A Perugia, presso la sala dei Notari, si è tenuto il I° convegno sui reati in danno agli animali, al fine di definirne le iniziative e la tutela da parte della polizia giudiziaria. Il dibattito si è incentrato su una questione molto cara a coloro che lottano da anni e che chiedono una più rilevante sensibilizzazione da parte degli organi competenti, accusati spesso di lasciare gli animali nella disponibilità dell’incriminato senza la minima tutela. Per questo motivo il Ministero della Salute, in collaborazione con il Comune e il Tribunale degli Animali di Perugia, ha sostenuto tale iniziativa che ha permesso il confronto tra forze di polizia, magistrati e associazioni di protezione animale.

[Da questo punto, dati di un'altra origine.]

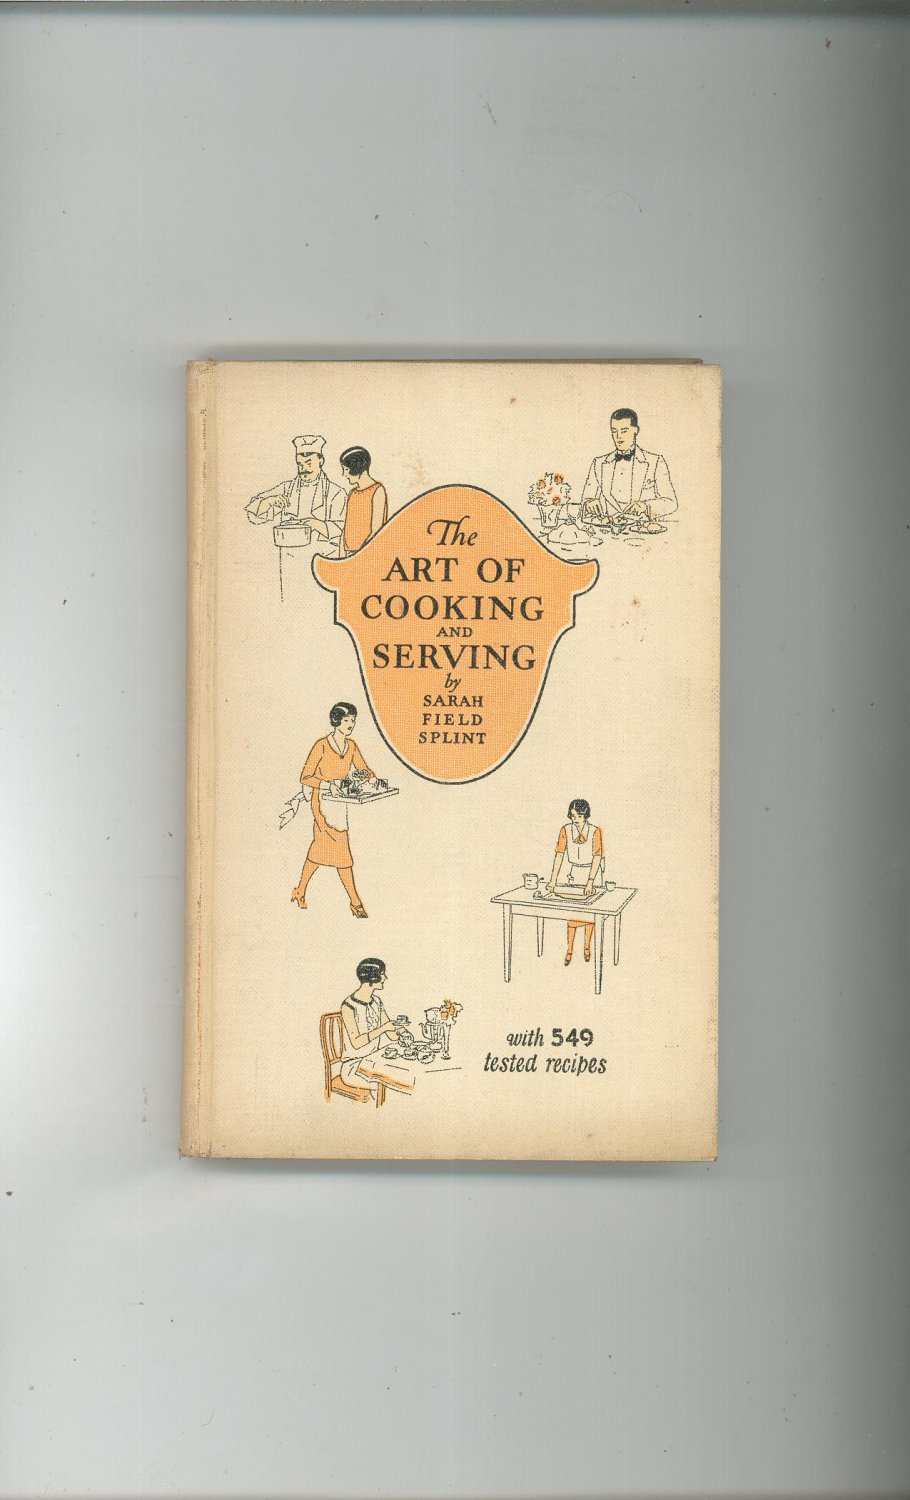 The Art Of Cooking And Serving Cookbook By Sarah Field

Ad aprire i lavori, l’intervento del Sottosegretario di Stato On. Francesca Martini: “Auspico che da qui si possa avviare un confronto costante ed efficace tra autorità competenti, potere giudiziario e organi di polizia e che ciò possa diventare patrimonio del nostro Paese. Nel contesto europeo ed internazionale, l’Italia ha raggiunto un considerevole corpus normativo per quanto attiene la tutela degli animali. La legge 281/91 prima, e la legge 189/2004 successivamente, hanno fissato principi di grande valore etico quali il dovere dello Stato di tutelare gli animali d’affezione, il riconoscimento dei reati di maltrattamento (art. 544 ter c.p.) e uccisione degli animali (art. 544 bis c.p.) se compiuti con crudeltà e senza necessità. Ciò che più emerge come criticità del sistema – continua Martini – è che, malgrado la flagranza, molti reati appaiono in una sorta di ‘limbo di impunità’ che lascia i soggetti maltrattati in balia dei loro aguzzini. Sono stati numerosi gli accertamenti effettuati dai Nas su tutto il territorio nazionale e, per rendere ancora più efficace l’azione di controllo ho istituito, nel maggio scorso, una task force per la lotta al randagismo, ai maltrattamenti e ai canili lager.”

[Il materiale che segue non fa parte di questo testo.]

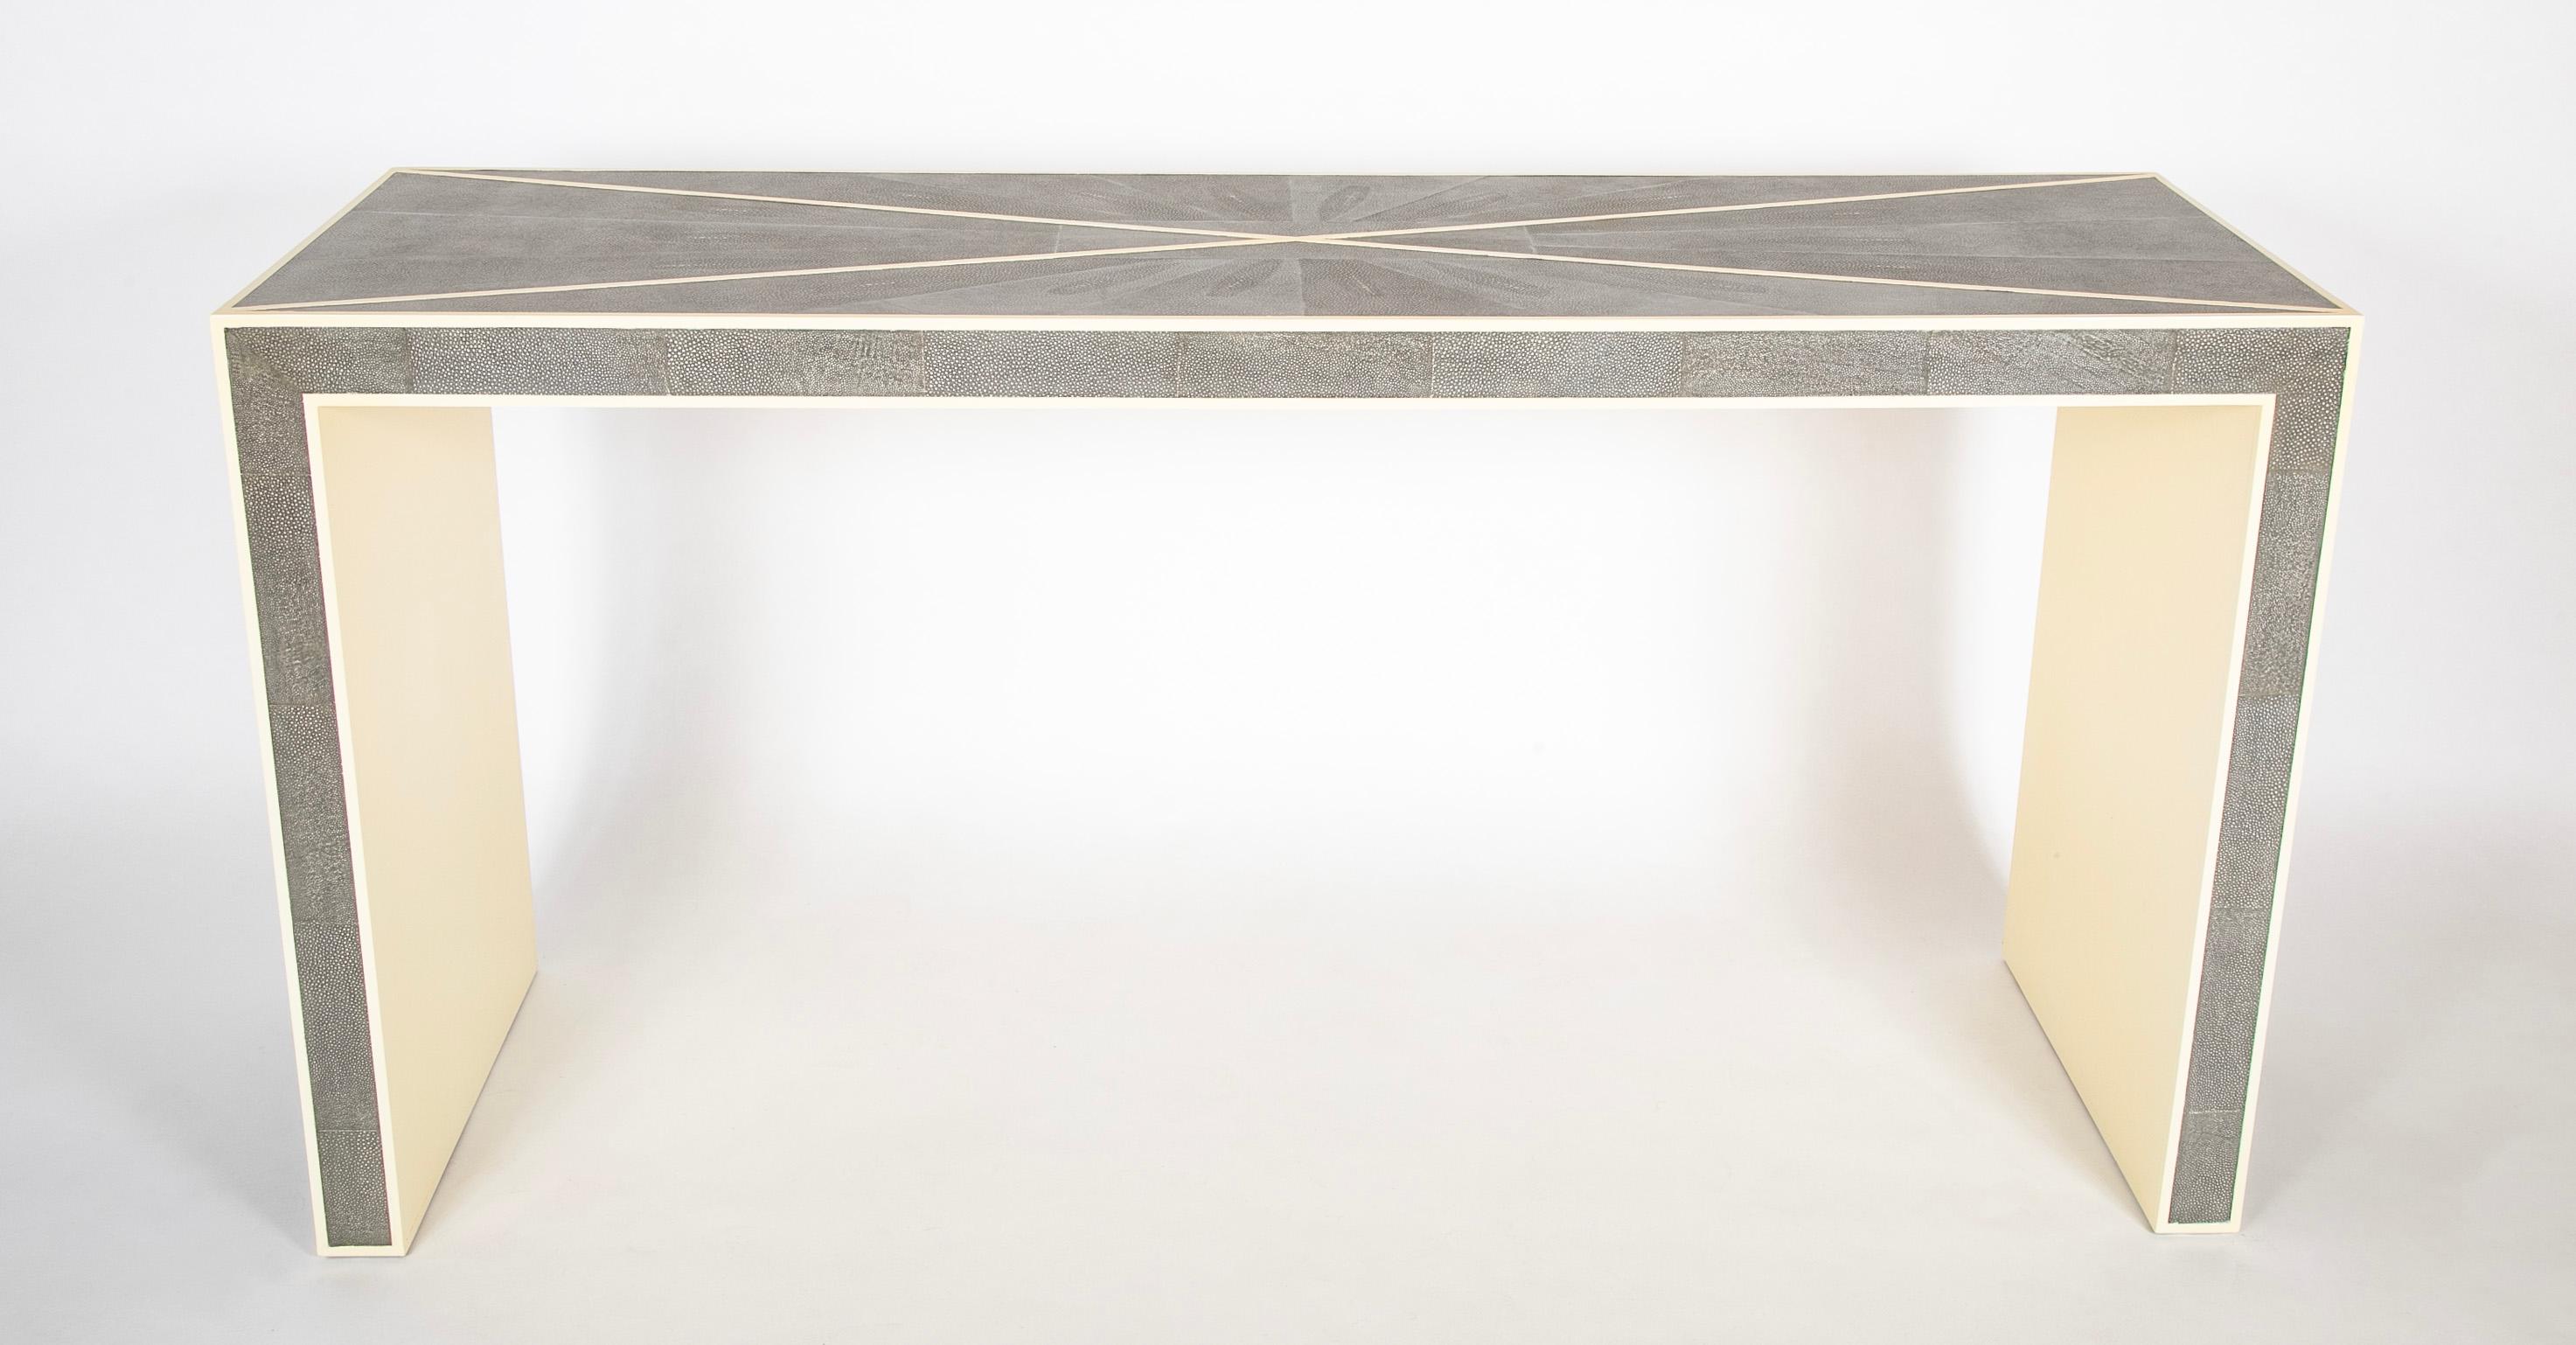 A stunning rectangular console table with triangles panels of shagreen veneer delineated by raised cream colored lacquer borders. This beautiful Karl Springer style console with make and entryway or foyer, or any other room it is placed in. Expertly

“Mi auguro – ha concluso il Sottosegretario – che questo sia solo l’inizio di un ampio e approfondito dibattito che conduca al consolidamento di prassi operative condivise ed adeguate, che abbiano come obiettivo comune e imprescindibile la tutela degli animali”.
Durante il dibattito, inoltre, è stata ribadita dal Comandante dei Nas, gen. Cosimo Piccinno, la necessità di un testo unico per ottimizzare le attività di controllo: “Nel biennio 2008/2010, abbiamo effettuato 13mila controlli che hanno portato a 5200 segnalazioni e condotto a 32 arresti. Dobbiamo lavorare affinchè ci sia una maggiore consapevolezza perché l’animale è un essere sensibile e non una cosa”.